Peak gage heights and streamflows were estimated for three ungaged sites through a variety of indirect methods, chosen on the basis of site conditions and available historical data. The three ungaged sites were the Baraboo River at Reedsburg, the Baraboo River at Rock Springs, and the Kickapoo River at Gays Mills. The Baraboo River at Rock Springs and Kickapoo River at Gays Mills are National Weather Service Peak Advanced Hydrologic Prediction Service automated and manual sites (http://www.crh.noaa.gov/ahps2/index.php?wfo=arx) for which there are gage-height data but no streamflow data (fig. 3).
Peak streamflow for the Baraboo River at Rock Springs was estimated through the use of the slope-area method (Dalrymple and Benson, 1967). In the slope-area method, streamflow is computed on the basis of a uniform-flow equation involving channel characteristics, water-surface profiles, and a roughness coefficient (Rantz and others, 1982). Computations were done with the USGS Slope Area Computation program (SAC) (Fulford, 1994) and surveyed channel geometry and high-water-mark data. An available HEC-RAS step-backwater hydraulic model for the Baraboo River was obtained from Robert Watson (National Flood Insurance Coordinator, Wisconsin Department of Natural Resources, written commun., 2008) and was used to determine the streamflow that yielded a profile that best matched the actual flood water-surface profile (Davidian, 1984).

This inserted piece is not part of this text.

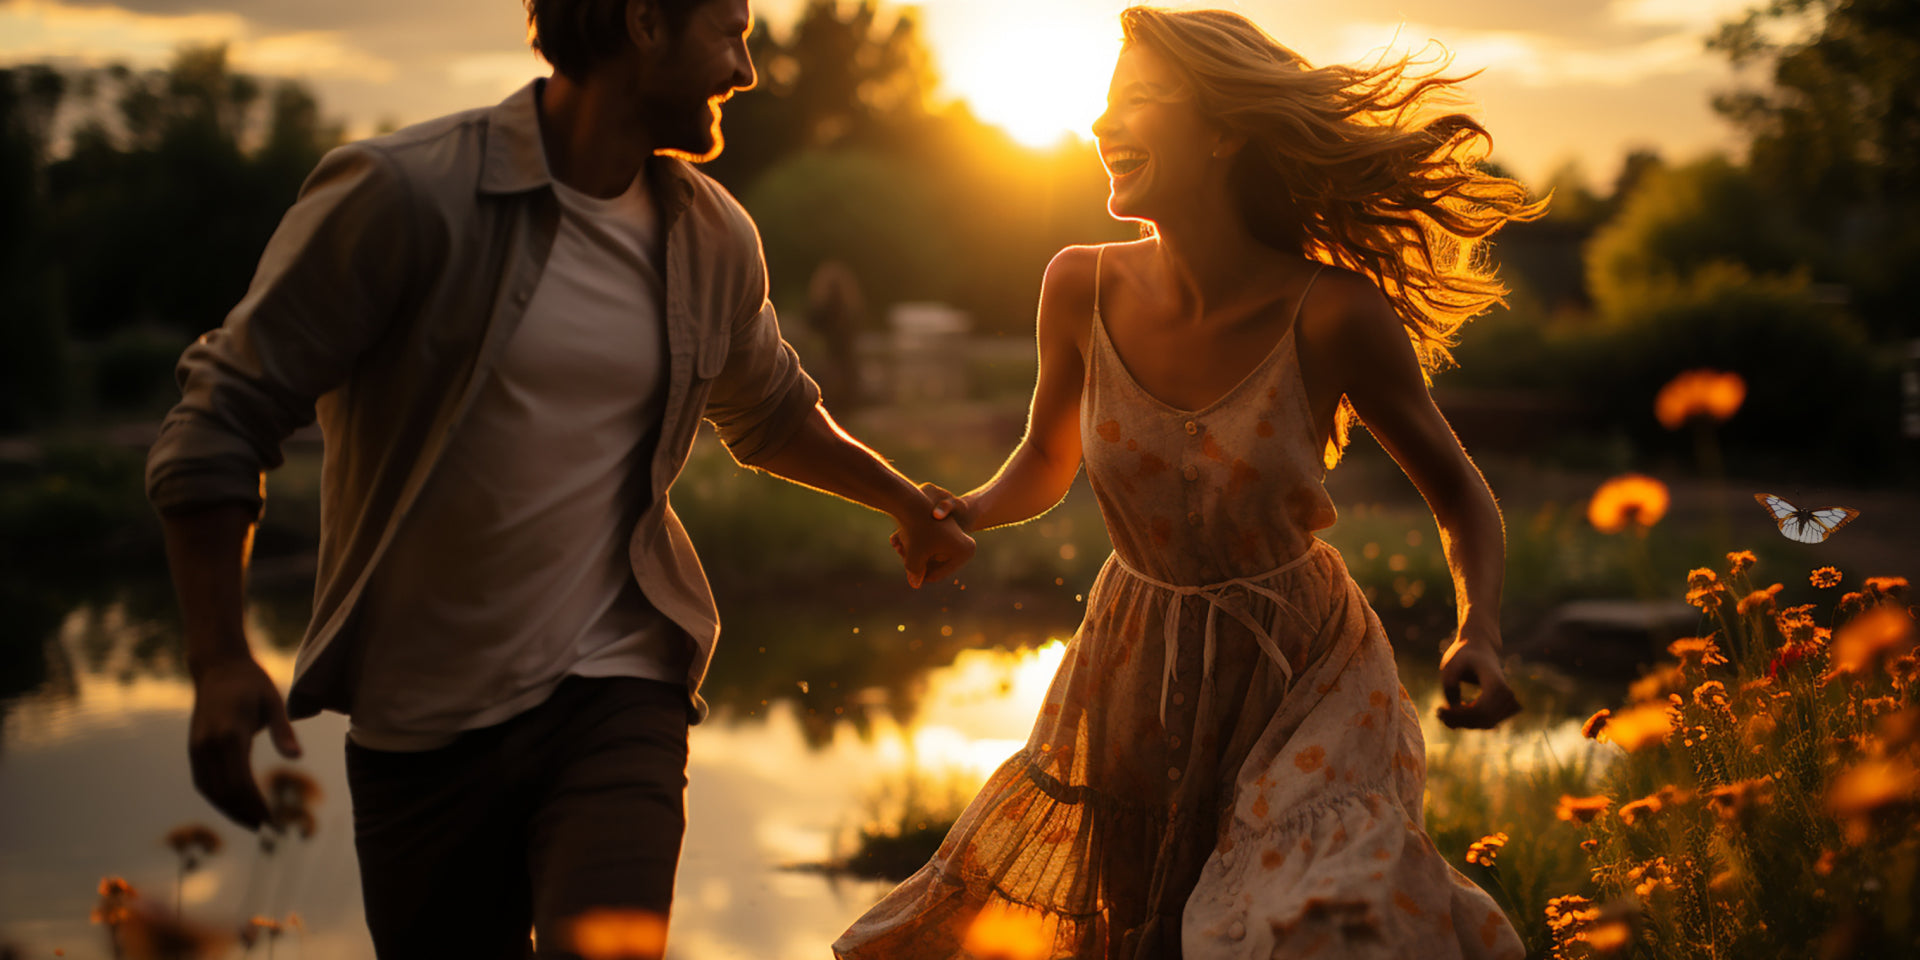 Ein glückliches Paar, das in einer wunderschönen Umgebung im Freien läuft, Händchen haltend, ohne sich Sorgen zu machen.

For Rock Springs, the selected model-generated profile was within ±0.2 ft of high-water marks defining the actual flood profile. This provided an independent estimate of peak streamflow for comparison with the streamflow computed with the slope-area method.
In Reedsburg, no suitable stream reach was available to reliably employ the slope-area method, nor were there other suitable hydraulic features, such as a bridge contraction, that would allow employment of the contracted-opening method. An available HEC-RAS model was employed with various streamflows to generate water-surface profiles for comparison with the actual flood profile. The modeled streamflow that generated the profile that best matched the actual flood profile was selected for the peak-streamflow estimate. For Reedsburg, the peak flow was estimated to be within a range of discharge such that profiles determined by the low and high ends of the range were within 0.3 ft high water marks defining the actual peak flood flow.

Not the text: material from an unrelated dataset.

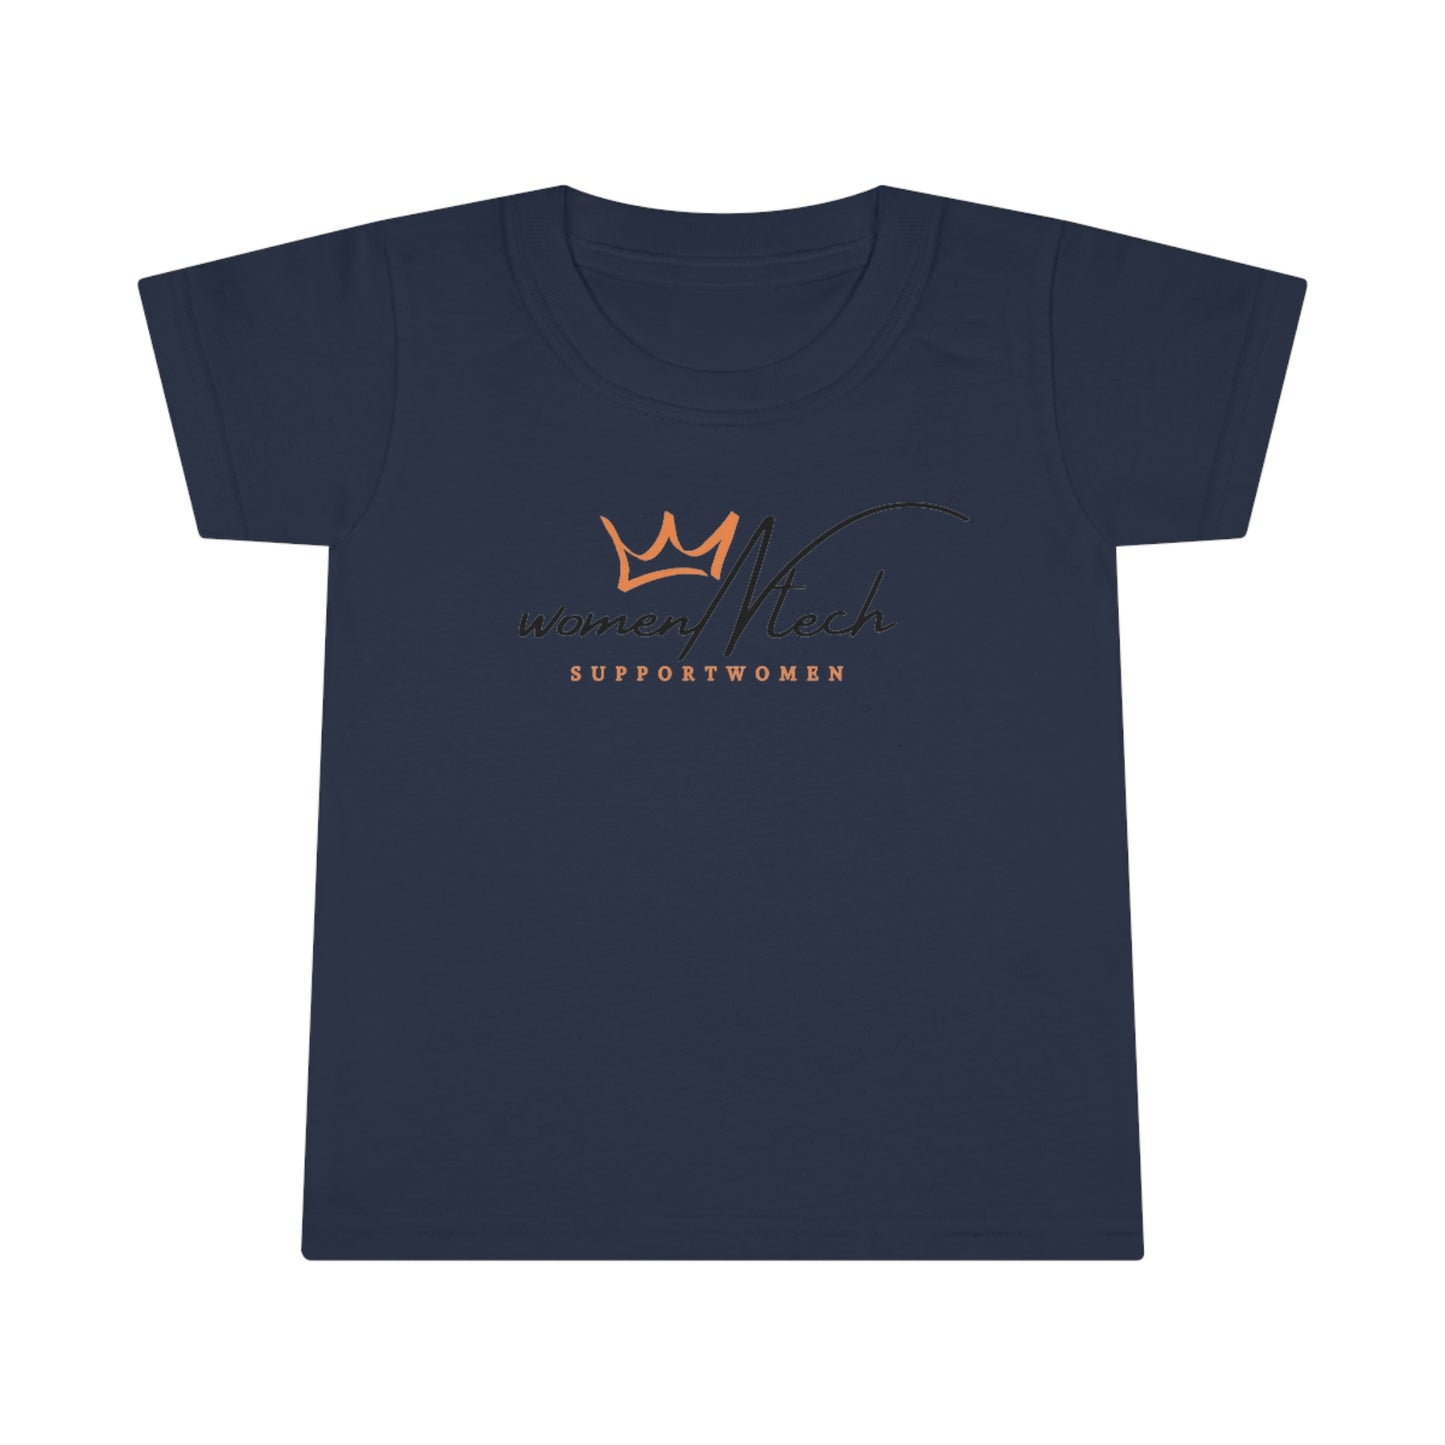 Best Premimum Toddler T-shirt - Purchase From WomenNtech

For the Kickapoo River at Gays Mills, peak streamflow was estimated from rating extrapolation of USGS high-water marks and NWS flood-forecasting-station gage heights with historical stage-discharge measurements for the discontinued USGS streamgage in Gays Mills. The rating extrapolation was based on a log-based regression of historical floods greater than 5,000 ft3/s in 1961, 1965, 1966, and 1978. The rating extrapolation also was done for the August 2007 flood based on NWS flood-forecasting-station gage heights (Michael A. Welvaert, National Weather Service, La Crosse, Wis., written commun., 2008). In addition, Robert Watson (National Flood Insurance Coordinator, Wisconsin Department of Natural Resources, Madison, Wis.) ran an available step-backwater model for the Kickapoo River reach near Gays Mills to estimate the peak streamflow. The estimate was the modeled discharge that generated a water-surface profile best matching the actual flood profile based on the USGS high-water-mark elevations. Gage heights were referenced to NAVD 88 datum based on surveys of the streamgage-reference marks during the high-water-mark surveying.
Calculating Flood Probabilities of Peak Streamflows
The flood probability for a particular streamflow is the probability or odds of that streamflow being equaled or exceeded in any given year. For example, a probability of 0.01 means there is a 1 percent chance of that flow magnitude being equaled or exceeded in any given year. Stated another way, the odds are 1 in 100 that flow will equal or exceed that magnitude in any given year. The traditional concept of recurrence interval is directly related to the flood probability. By definition, the recurrence interval corresponding to a particular flood probability is equal to one divided by the flood probability. For example, the flood probability of 0.01 corresponds to the 100-year flood.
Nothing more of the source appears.